Radio Nelson
- Nelson; New Zealand;
- Broadcast area: Nelson and Tasman
- Frequencies: 89.6 MHz and 1269 KHz in Golden Bay

Programming
- Language: English language
- Format: Adult contemporary

Ownership
- Owner: Radio New Zealand until 1993 Radio Nelson Limited after 1993 The Radio Network

History
- First air date: 1932; 94 years ago

Technical information
- Transmitter coordinates: 41°16′30″S 173°16′51″E﻿ / ﻿41.2751°S 173.2809°E

Links
- Webcast: Livestream
- Website: Official website

= Radio Nelson =

New Zealand radio station

Radio Nelson was a New Zealand radio station in Nelson. The station was started by Radio New Zealand (which at the time was known as the New Zealand Broadcasting Board) in 1932.

The station originally broadcast on 1340AM with the callsign 2ZR. The station changed call signs to 2YN followed by 2XN and finally 2ZN. In 1978 the AM band in New Zealand was adjusted from 10 kHz to 9 kHz, as a result 2ZN moved to 1341AM. Originally the station was branded by its callsign name and did not become known as Radio Nelson until the 1980s.

In 1985 Radio Nelson began broadcasting in Tākaka on 1269AM with the call sign 2ZT. Radio Nelson began broadcasting on 89.8FM in 1992 (around the same time as opposition station Fifeshire FM) as well as on the existing AM frequencies.

In 1993 Radio New Zealand rebranded many of their heritage stations as Classic Hits. For Radio Nelson the station became known as Classic Hits 90FM. Around the same a company called Radio Nelson Limited was registered, it is believed that Radio Nelson was sold to this private company in 1993. At the same time Radio New Zealand was rolling out their Newstalk ZB brand across the country using the AM frequency of stations that had converted to FM. Classic Hits 90FM Nelson however continued using the AM frequency and in the mid nineties was used to run a talkback programme, this station on air was known as 1341 AM – Entertaining & Informing Nelson. The 1341 AM was eventually used for Newstalk ZB later in the 1990s.

In 1995 programming was extended to the Tasman Bay and Golden Bay areas broadcasting on 90.4FM.

In 1998 Classic Hits 90FM was reduced to just 4 hours of local programming between 6 and 10 am 7 days a week. Outside this time nationwide shows based from Auckland took over, and the network announcers simply called the station Classic Hits. The breakfast show was shortened to a 3-hour show in 2012.

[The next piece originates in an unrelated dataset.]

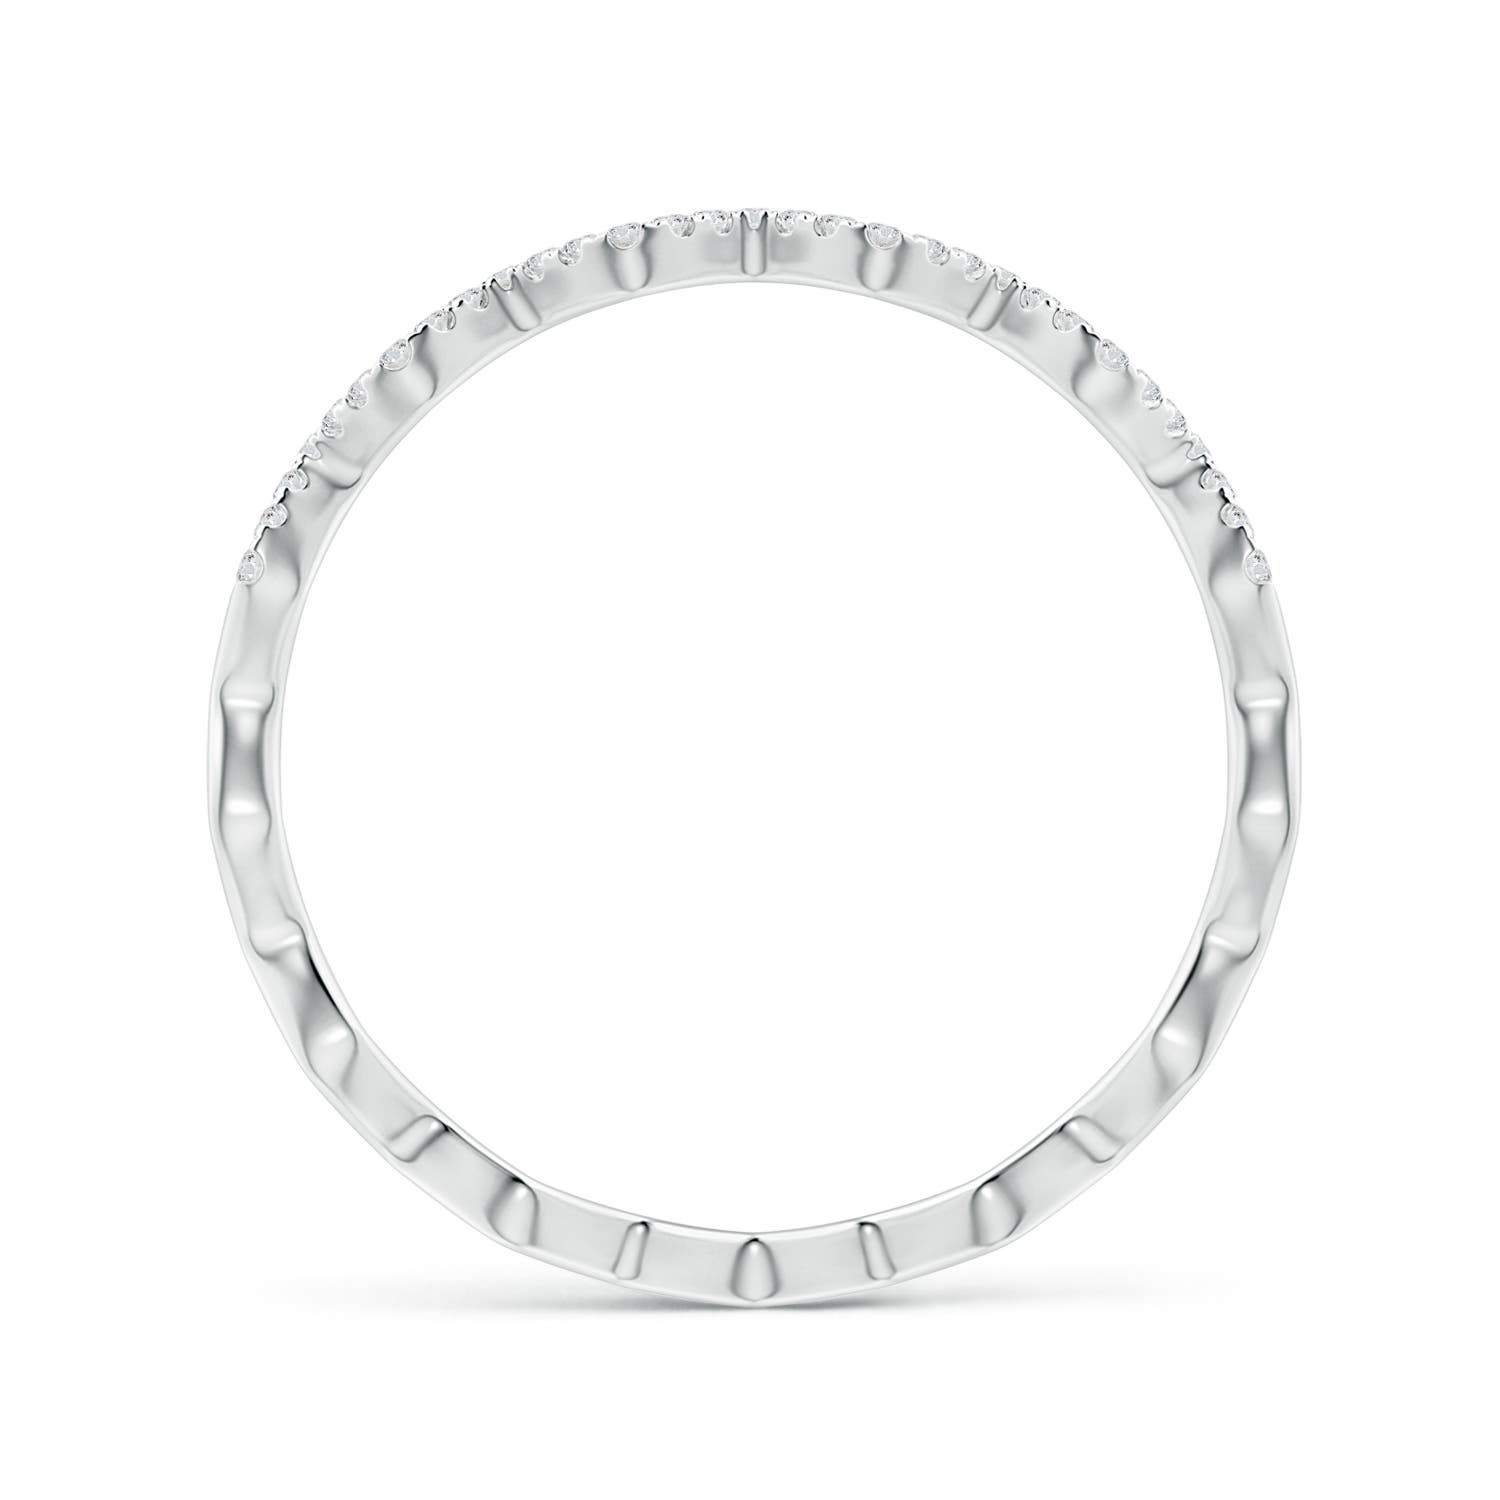 H, SI2 / 0.09 CT / 14 KT White Gold

In 2002 the station was renamed to Classic Hits 89.8 & 90.4 and Classic Hits 89.8 in 2006 after the station began broadcasting only on 89.8FM.

In 2006 Radio Hauraki was introduced on the 90.4FM frequency which at the time was occupied by Classic Hits, leaving Classic Hits to then broadcast only on 89.8FM.

Radio Nelson Limited was struck off the New Zealand Companies Office Register in 2008.

In 2010 the government realigned radio frequencies in New Zealand, which altered all FM station frequencies for both The Radio Network and Mediaworks. As a result, Classic Hits 90FM moved from 89.8FM to 89.6FM.
All AM frequencies remained unchanged.

In 2012, an application was made to the Companies office to register Radio Nelson as a newly incorporated company, by former Radio Network employee, Murray Leaning. This company was registered but struck off in 2013. Negotiations were apparently underway between a group of local investors and the owners of a radio frequency in the district, with a view to Radio Nelson recommencing broadcasts as a private radio station in 2014 however this did not eventuate.

On 28 April 2014, all stations part of the Classic Hits network were rebranded as The Hits. A networked breakfast presented by Polly Gillespie and Grant Kareama was introduced to almost all The Hits stations with the former breakfast announcer moved to present a 6-hour show between 9 am and 3 pm. With Polly and Grant leaving The Hits in 2017 all South Island stations reverted to local breakfast programming. From 2017 Scott Radovanovich presented the breakfast show to both The Hits Nelson and The Hits Marlborough.

Today, a local 9 am-3 pm show is generated from the Nelson studios, hosted by Hayden Rose.